To the extent that this Policy otherwise would provide for recovery of Incentive-Based Compensation that the Company has recovered from a Covered Executive pursuant to Section 304 of the Sarbanes-Oxley Act of 2002 (or pursuant to any other recovery obligation), the amount already so recovered from such Covered Executive may be credited against the recovery otherwise required under this Policy.

1.METHOD OF RECOVERY
The Committee will determine, in its discretion, the method or methods for recovering any erroneously awarded Incentive-Based Compensation hereunder, which method(s) need not be applied on a consistent basis; provided in any case that any such method provides for reasonably prompt recovery and otherwise complies with any requirements of the New York Stock Exchange.

1.NO INDEMNIFICATION
The Company shall not indemnify any Covered Executive against the loss of any erroneously awarded Incentive-Based Compensation.

1.DISCLOSURE
The Company shall file all disclosures with respect to recoveries under this Policy in accordance with the requirements of the United States securities laws, including the disclosure required by the applicable U.S. Securities and Exchange Commission filings.

    -3-


Exhibit 97.1


1.ADMINISTRATION
This Policy shall be administered by the Committee and all determinations of the Committee will be final, binding and conclusive.
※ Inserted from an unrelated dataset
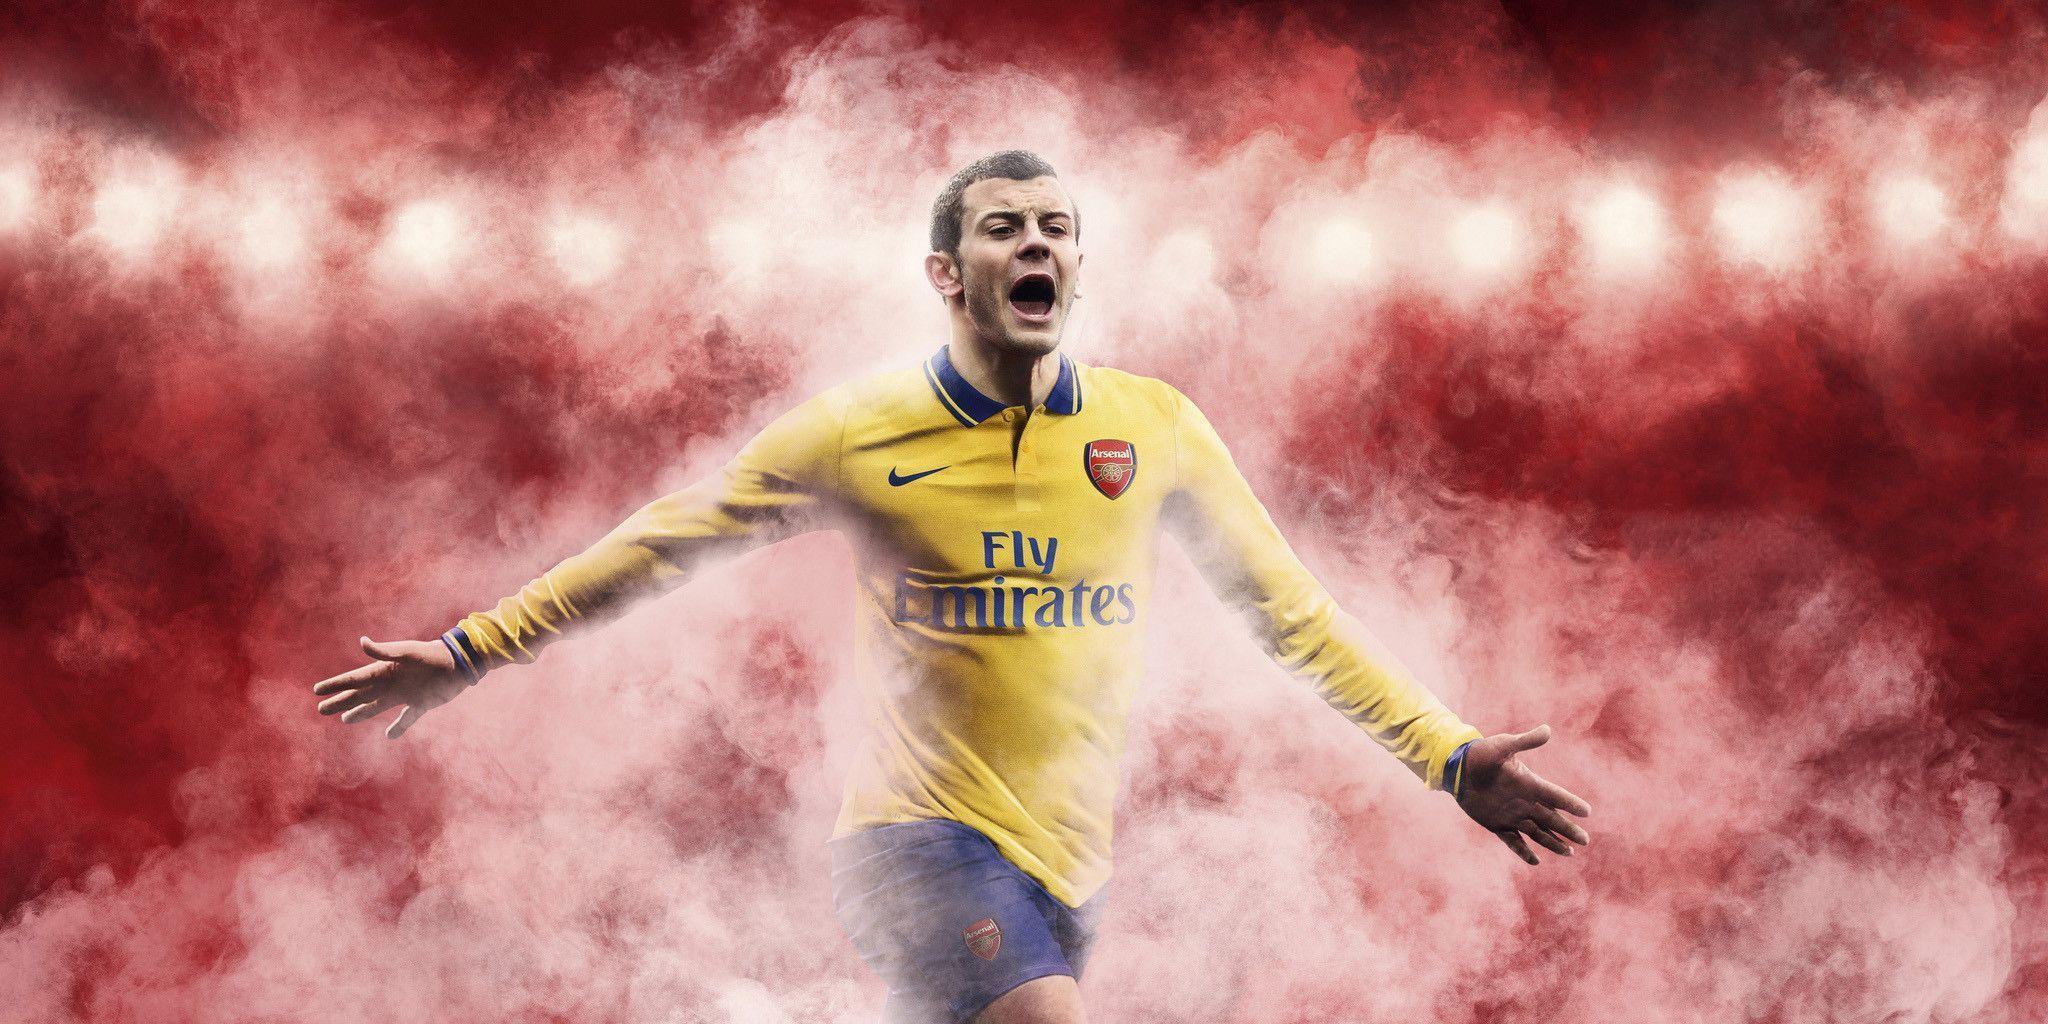 Jack Wilshere Arsenal FC 2014 Wallpaper Wide or HD. Male
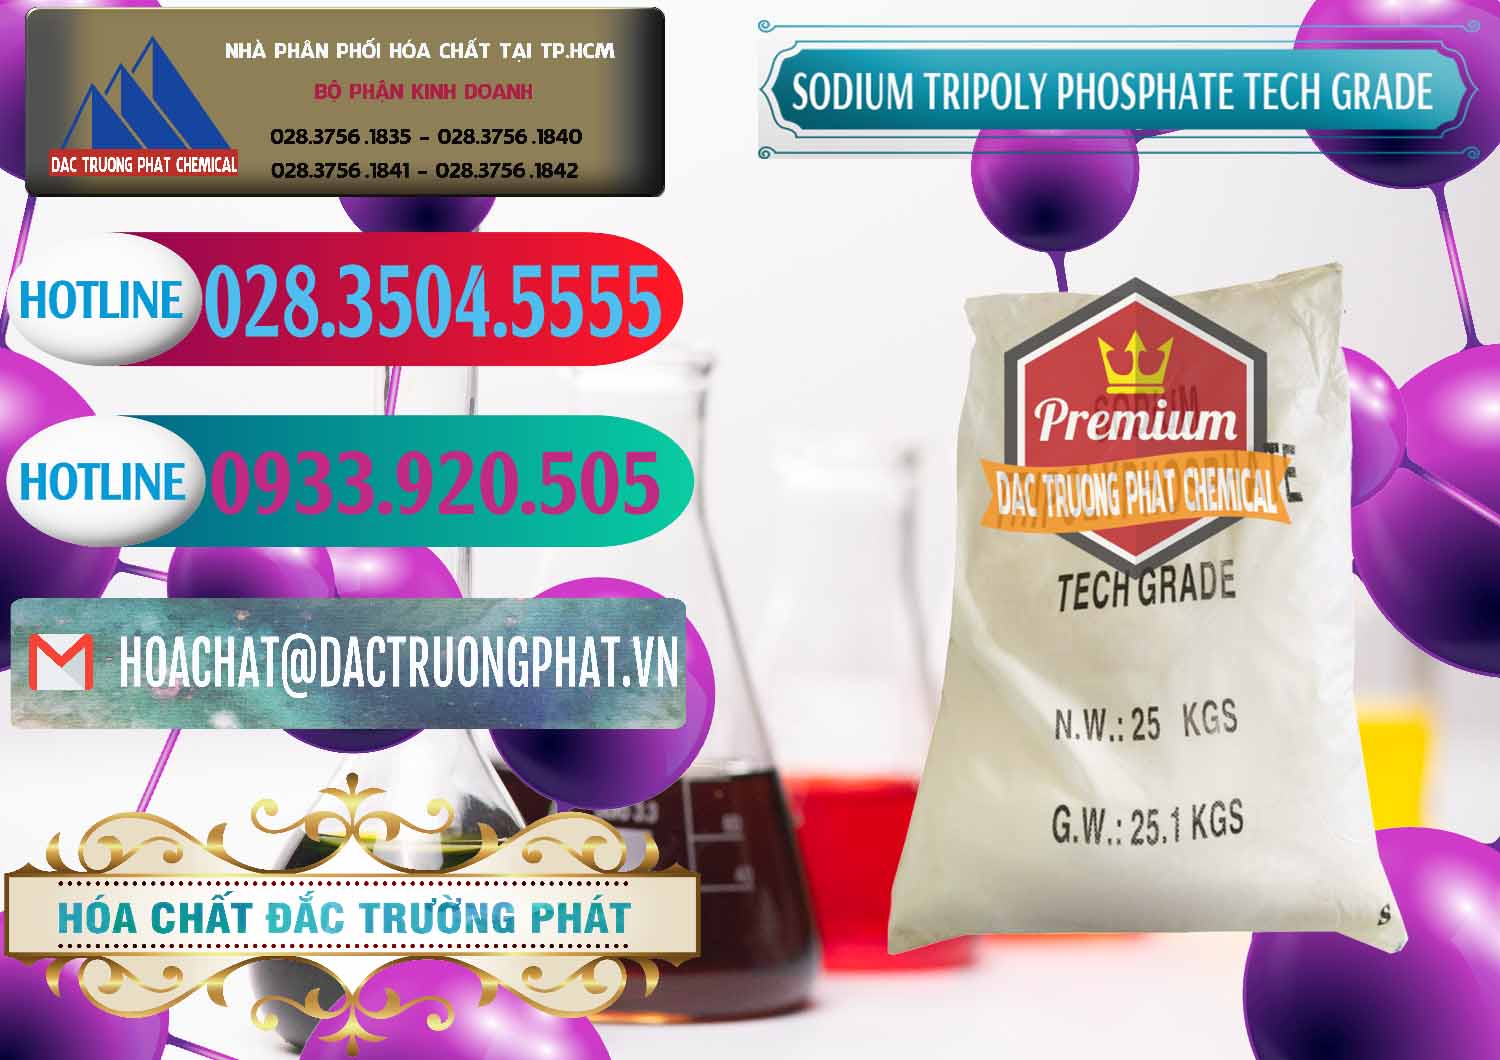 Cty chuyên cung ứng và bán Sodium Tripoly Phosphate - STPP Tech Grade Trung Quốc China - 0453 - Nơi phân phối & bán hóa chất tại TP.HCM - truongphat.vn

The Committee is authorized to interpret and construe this Policy and to make all determinations necessary, appropriate or advisable for the administration of this Policy. It is intended that this Policy be interpreted in a manner that is consistent with the Listing Standard.


1.EFFECTIVE DATE
This Policy shall be effective as of the date it is adopted by the Board (the "Effective Date") and shall apply to Incentive-Based Compensation that is received on or after October 2, 2023.

1.AMENDMENT; TERMINATION
The Board may amend this Policy from time to time in its discretion. The Board may terminate this Policy at any time.

1.POLICY NOT EXCLUSIVE
The Committee may require that any employment agreement, equity award agreement or similar agreement entered into on or after the Effective Date shall, as a condition to the grant of any benefit thereunder, require a Covered Executive to agree to abide by the terms of this Policy. Any right of recovery under this Policy is in addition to, and not in lieu of, any other remedies or rights of recovery, recoupment, forfeiture or offset that may be available to the Company pursuant to the terms of any other applicable Company policy in any employment agreement, equity award agreement, or similar agreement and any other legal remedies available to the Company.